En la presentación de este último libro, que se celebraba en el Museo provincial onubense, Fernando Arrabal, lo definió como el primer poeta místico japonés de Huelva y, claro, el público pensó que eran cosas del dramaturgo estrafalario. Unas horas antes, Arrabal y Jesús se habían metido en una bañera sin agua, vestidos, para darse un “baño lírico”. Las extravagancias de uno y otro hicieron que, en sus últimos años, fraguaran una gran amistad. Sin embargo, Arcensio no buscaba nunca deslumbrar (epatar, que ya recoge la RAE) sino que, sencillamente, lo hacía por su ingenio, su cultura y su incuestionable dominio del verso.
Dice José Baena, en la obra mencionada, que este autor «permanece fiel a sí mismo y a su poesía, firme, desgarrada, clásica, escandalosa -en términos de Borges- (que), por su irritante perfección, no puede, fácilmente, ser clasificada». Y es verdad, porque se le ha incluido en el grupo de Luis Rosales, Luis Felipe Vivanco y Leopoldo Panero, en la generación del 27, en la llamada generación de la Dictadura, según Julio Manegat y en la generación de la guerra, según Baena y Sánchez Tello en su Historia de la poesía en Huelva.
Es verdad que Arcensio pasó por Huelva como un ciclón, pero desapareció como una suave brisa, presentida únicamente por Ramón y Rafael, camarero y encargado respectivamente de La Española, de los que quiso despedirse. “Su manía: (era) jugar a la ruleta rusa con / todas las balas puestas”, dijo Arrabal.
Esta tierra (“escribir desde el sur es llorar”) sufrió otro ataque de amnesia, y Jesús Arcensio, el hombre elegante y el gran poeta “entró en la primavera completamente solo, con los zapatos rotos” y salió, voluntariamente, violentamente, para no volver.

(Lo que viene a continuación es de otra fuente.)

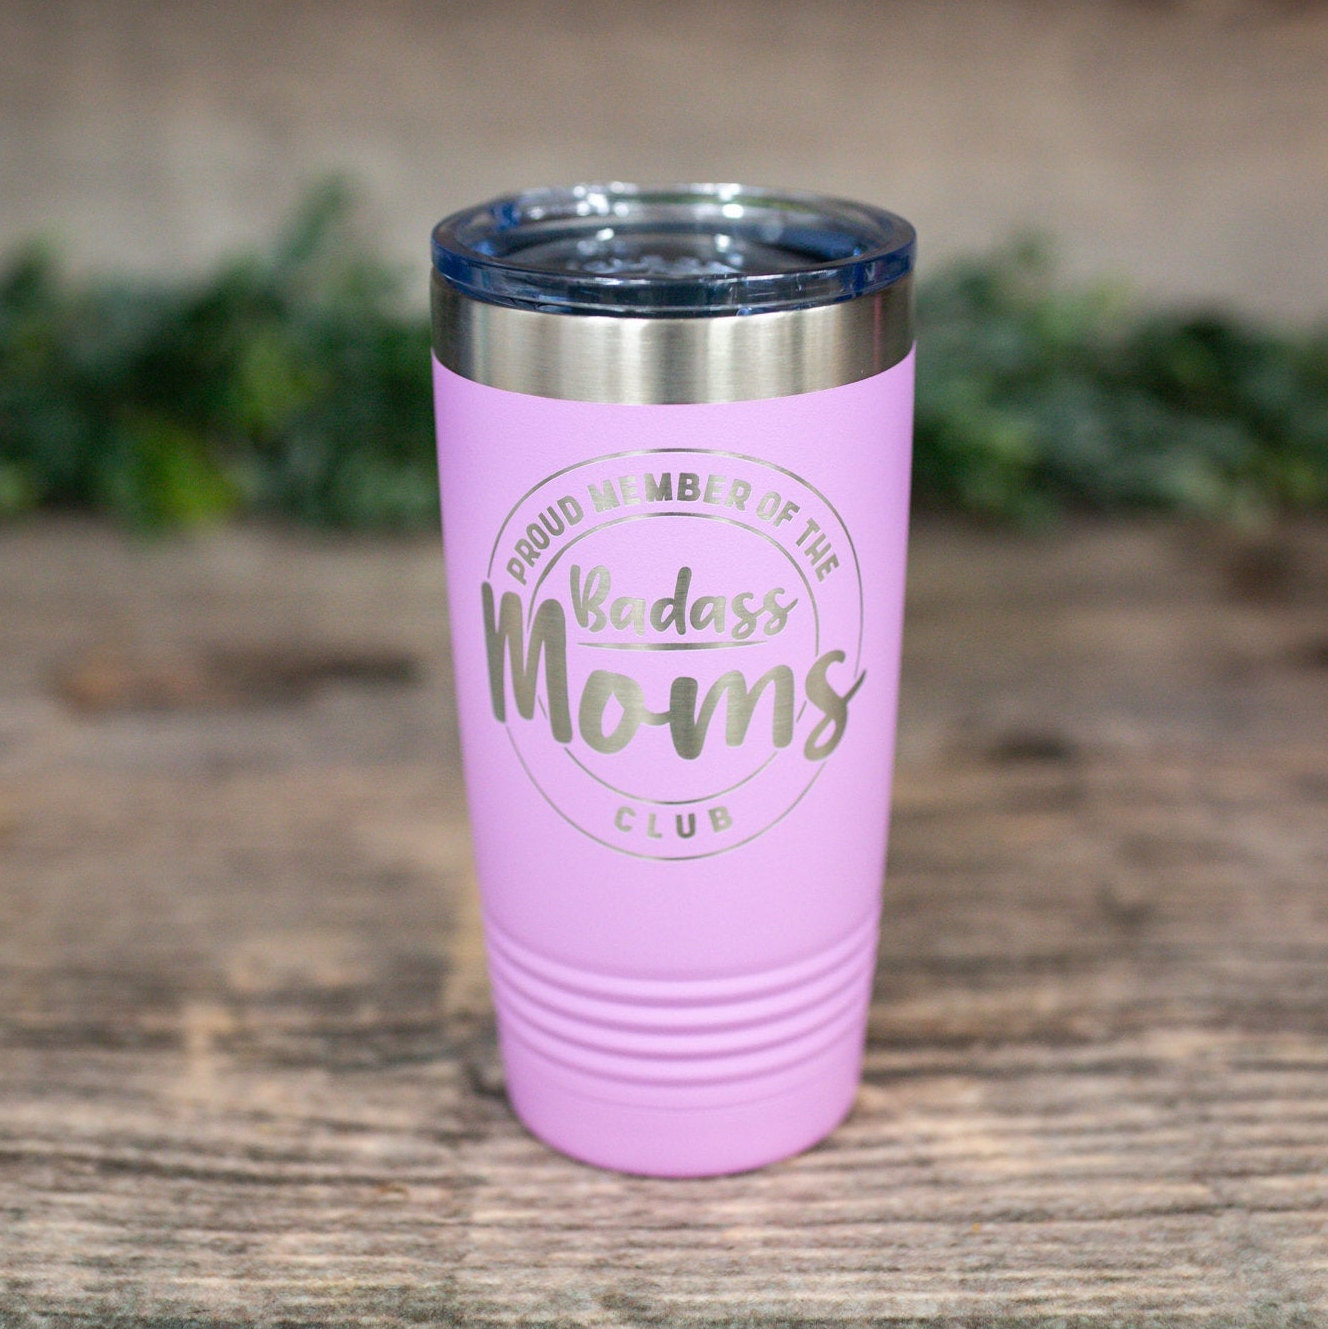 https://3cetching.com/wp-content/uploads/2021/07/proud-member-of-the-badass-moms-club-mature-engraved-stainless-tumbler-funny-mug-mothers-day-tumbler-60f79c81.jpg

Los últimos versos de su poema “Autorretrato” (1955) dicen así: “Hombre, al fin, como tú, como cualquiera,/ que no sabe quién es ni a qué ha venido/ ni el color de la muerte que le espera.// Un hombre que ama y sufre, que ha bebido,/que es malo y bueno… y que, en verdad, quisiera,/ si hay que morir, morir como ha vivido”.
Quienes le conocimos, quienes hemos leído su obra, seguimos resistiéndonos a olvidarle.